Let’s analyze **True values** now. **Yes** is present **4 times** and **No** is present** 2 times.**

```
H(s) = -[ ( 4/6) * log2 ( 4/6) + (2/6) * log2 (2/6) ] = 0.917
```

For **False values**,

```
H(s)= - [ ( 3/4) * log2 (3/4) + (1/4) * log2 (1/4) ] = 0.811
```

```
Net Entropy = (6/10) * 0.917 + (4/10) * 0.811 = 0.874
```

```
Total Reduction = 1- 0.874 = 0.126
```

This value ( 0.126) is called information gain.

### 3. Gain Ratio

The gain ratio is the modification of information gain. It takes into account the number and size of branches when choosing an attribute. It takes intrinsic information into account.

```
GR(S,A) = Gain( S,A)/ IntI(S,A)
```

### 4. Gini Index

Gini index is also type of criterion that helps us to calculate information gain. It measures the impurity of the node and is calculated for binary values only.

**Example:**

C1 = 0 , C2 = 6

```
P(C1) = 0/6 = 0
P(C2) = 6/6 = 1
```

Gini impurity is more computationally efficient than entropy.

## Decision Tree Algorithms in Python

Let’s look at some of the decision trees in Python.

#### 1. **Iterative Dichotomiser 3 (ID3)**

This algorithm is used for selecting the splitting by calculating information gain. Information gain for each level of the tree is calculated recursively.

#### 2. C4.5

This algorithm is the modification of the ID3 algorithm. It uses information gain or gain ratio for selecting the best attribute. It can handle both continuous and missing attribute values.

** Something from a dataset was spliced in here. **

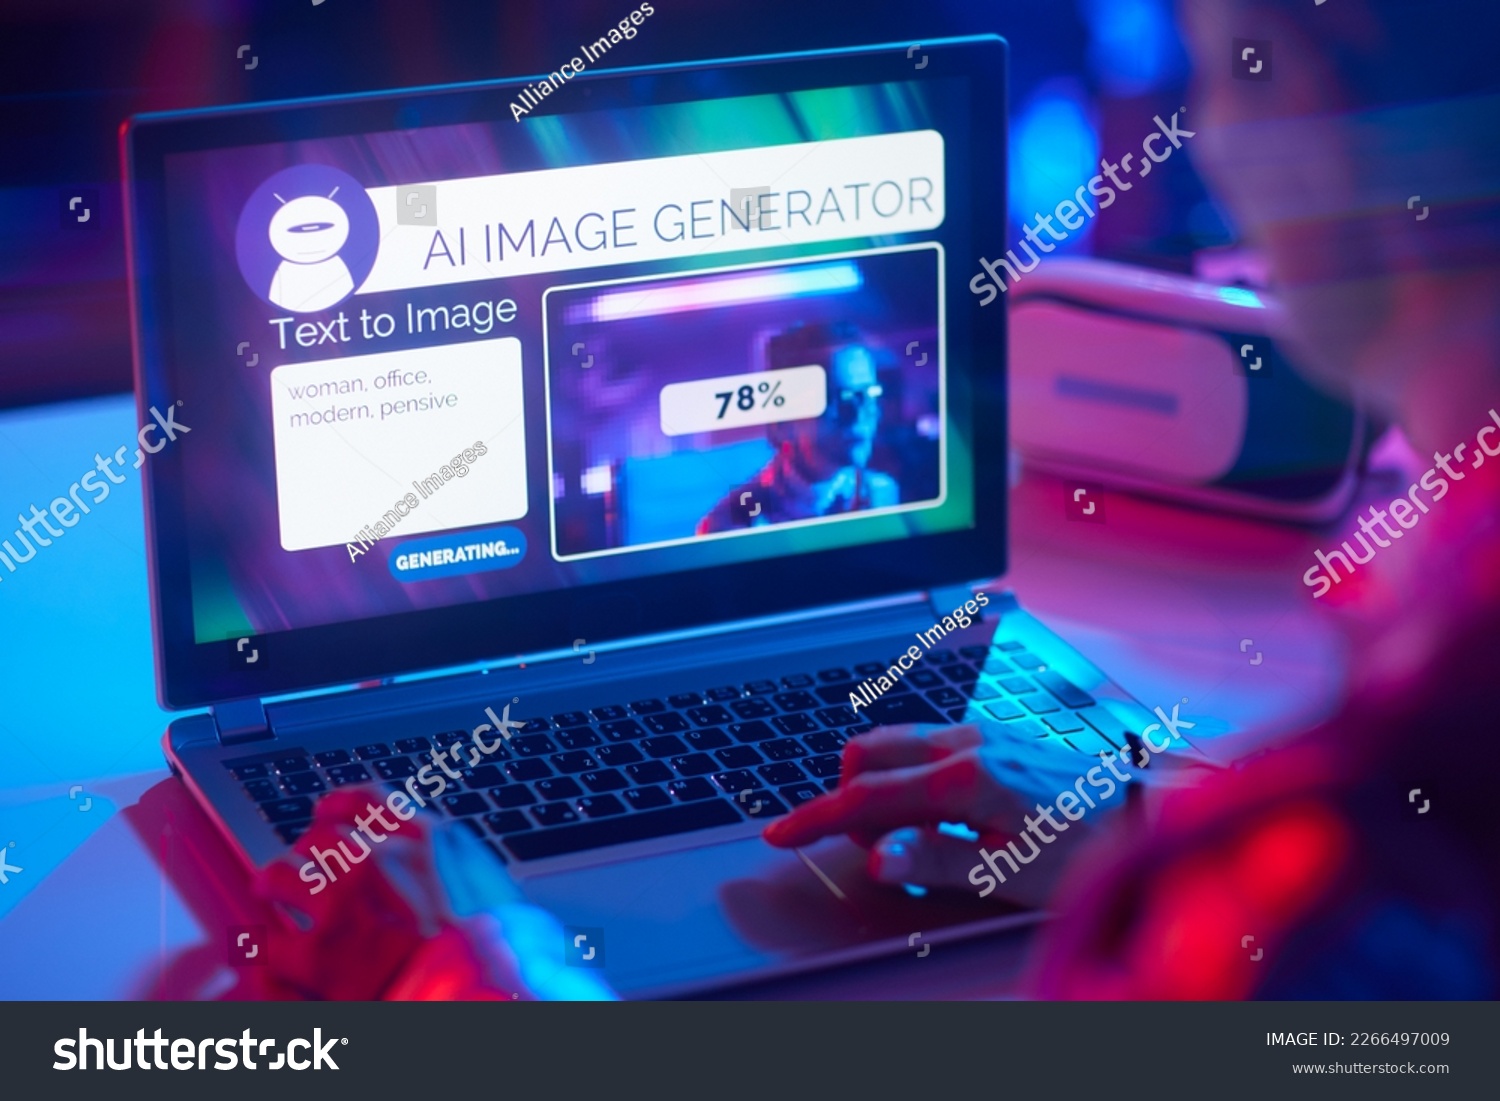 Seen from behind modern business woman with laptop using text to image artificial intelligence image generator. #2266497009

#### 3. CART (Classification and Regression Tree)

This algorithm can produce classification as well as regression tree. In classification tree, target variable is fixed. In regression tree, the value of target variable is to be predicted.

## Decision tree classification using Scikit-learn

We will use the scikit-learn library to build the model and use the iris dataset which is already present in the scikit-learn library or we can download it from here.

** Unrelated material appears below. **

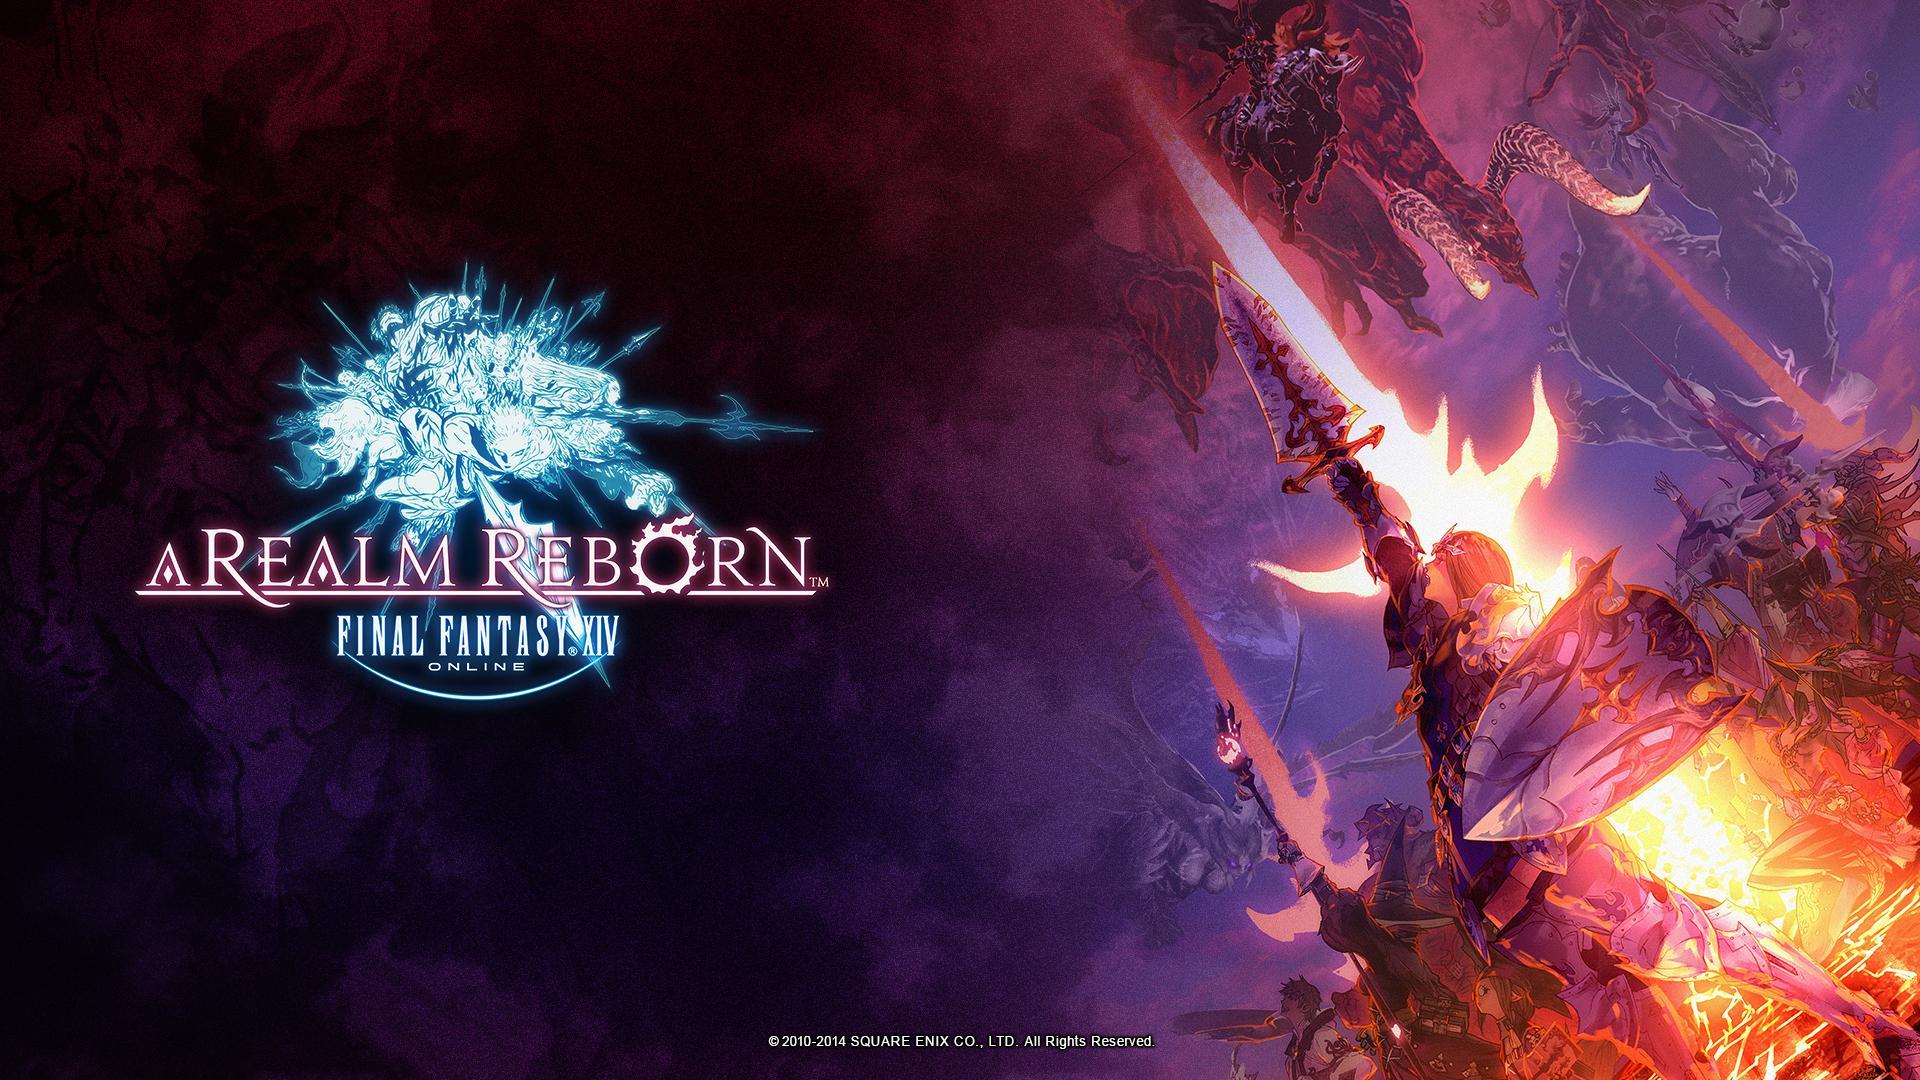 New Final Fantasy XIV: A Realm Reborn Illustrations Make for Perfect

The dataset contains three classes- Iris Setosa, Iris Versicolour, Iris Virginica with the following attributes-

- sepal length
- sepal width
- petal length
- petal width

We have to predict the class of the iris plant based on its attributes.

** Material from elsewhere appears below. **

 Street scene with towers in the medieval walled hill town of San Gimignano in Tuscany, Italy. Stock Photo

### 1. First, import the required libraries

```
import pandas as pd
import numpy as np
from sklearn.datasets import load_iris
from sklearn import tree
```

### 2. Now, load the iris dataset

```
iris=load_iris()
```

To see all the features in the datset, use the print function

```
print(iris.feature_names)
```

Output:

```
['sepal length (cm)', 'sepal width (cm)', 'petal length (cm)', 'petal width (cm)']
```

To see all the target names in the dataset-

```
print(iris.target_names)
```

Output:

```
['setosa' 'versicolor' 'virginica']
```

### 3. Remove the Labels

Now, we will remove the elements in the 0th, 50th, and 100th position. 0th element belongs to the Setosa species, 50th belongs Versicolor species and the 100th belongs to the Virginica species.

This will remove the labels for us to train our decision tree classifier better and check if it is able to classify the data well.

```
#Spilitting the dataset
removed =[0,50,100]
new_target = np.delete(iris.target,removed)
new_data = np.delete(iris.data,removed, axis=0)
```

### 4. Train the Decision Tree Classifier

The final step is to use a decision tree classifier from scikit-learn for classification.

```
#train classifier
clf = tree.DecisionTreeClassifier() # defining decision tree classifier
clf=clf.fit(new_data,new_target) # train data on new data and new target
prediction = clf.predict(iris.data[removed]) # assign removed data as input
```

Now, we check if our predicted labels match the original labels

```
print("Original Labels",iris.target[removed])
print("Labels Predicted",prediction)
```

Output:

```
Original Labels [0 1 2]
Labels Predicted [0 1 2]
```

Wow! The accuracy of our model is 100%. To plot the decision tree-

```
tree.plot_tree(clf)
```

## Conclusion

In this tutorial, we learned about some important concepts like selecting the best attribute, information gain, entropy, gain ratio, and Gini index for decision trees. We understood the different types of decision tree algorithms and implementation of decision tree classifier using scikit-learn. Hope, you all enjoyed!